L'été n'aura pas été profitable aux dirigeants de PME. Interrogés par Ipsos dans le cadre du baromètre de conjoncture La Tribune-LCL, ces derniers ont le moral dans les chaussettes. L'indice synthétique mesurant leur degré de confiance a fait une chute de 12 points en septembre pour atteindre un plancher inédit depuis la création de ce baromètre en 1992. A 84 unités, il se situe 16 points en dessous de sa moyenne de longue période.

Le gouvernement n'arrive pas à convaincre

Les efforts, ou les initiatives du gouvernement sont particulièrement décriés par les entrepreneurs. Interrogés par La Tribune, 54% des entrepreneurs ne prévoient pas d'utiliser les contrats de génération dont l'objectif est d'assurer la transmission des savoir-faire entre les générations au sein des entreprises, et donc de stimuler l'emploi des jeunes. En revanche, interrogés par les internautes de La Tribune sur leurs solutions pour réduire le taux de chômage, 80% d'entre eux suggèrent de réduire les charges sociales.

Le FSI Régions, un ovni pour 80% des entrepreneurs

Plus grave, certaines initiatives sont méconnues. Ainsi, 81% des chefs d'entreprises admettent ne pas connaître le FSI Régions, dont le lancement date depuis plus d'un an. Le précédent gouvernement avait pourtant mis en place cette nouvelle structure, émanation régionale du Fonds stratégique d'investissement (FSI) pour favoriser le soutien financier public de l'Etat dans les territoires.

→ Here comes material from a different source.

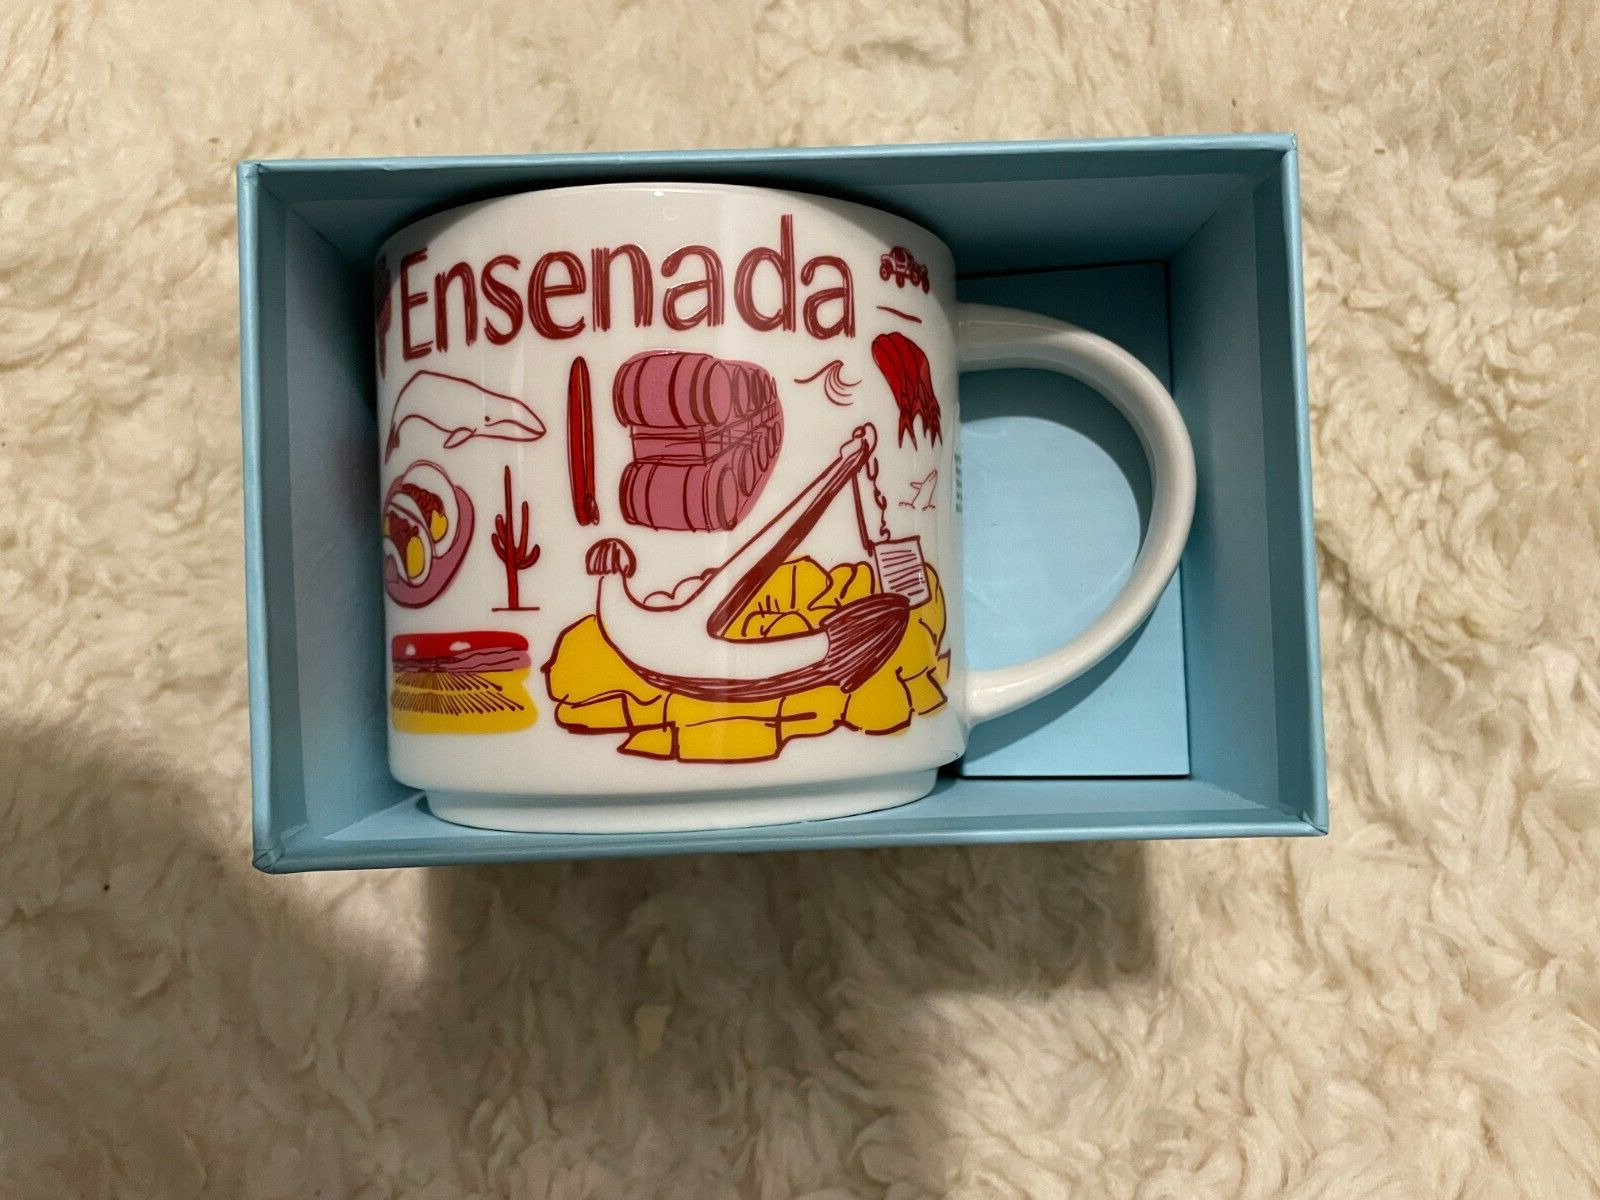 Starbucks Coffee Mug Ensenada (Mexico) / New in Box
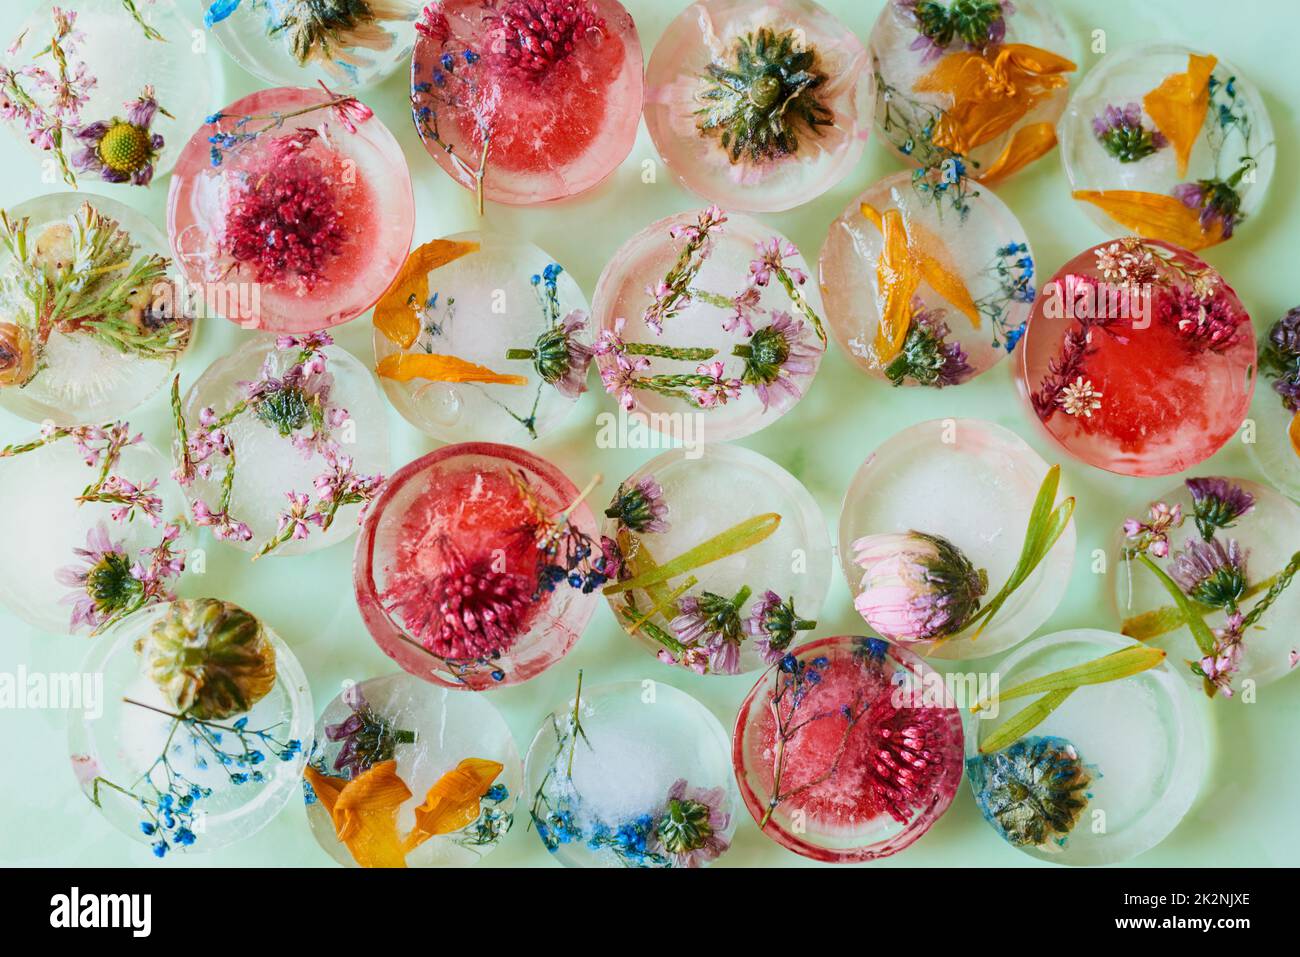 Pour un joli élément sur une table d'été. Photo studio de fleurs congelées dans des blocs de glace. Banque D'Images

On peut espérer que la prochaine initiative de l'exécutif dans ce domaine, la Banque publique d'investissement, verra sa notoriété grandir plus rapidement.

« Les efforts du gouvernement en matière d'aides aux entreprises sont évalués depuis vingt ans. Le résultat est sans appel : 129 points en avril, 114 en mai, 88 aujourd'hui. C'est la valeur la plus faible depuis la création du baromètre. C'est peu dire que le nouveau président et son gouvernement ne convainquent pas les patrons de PME. Même si l'on peut y voir des positions de principe idéologiques, jamais les gouvernements de gauche n'avaient atteints de telles profondeurs. Le dernier record date de janvier 93, l'indice affichait 90, sous Bérégovoy... », observe Yves Fradier, directeur de clientèle chez Ipsos. Comment expliquer cette défiance, sachant que la loi de finances rectificative votée cet été a plutôt épargnée les PME ? La crainte d'un alourdissement prochain de la fiscalité ? Peut-être.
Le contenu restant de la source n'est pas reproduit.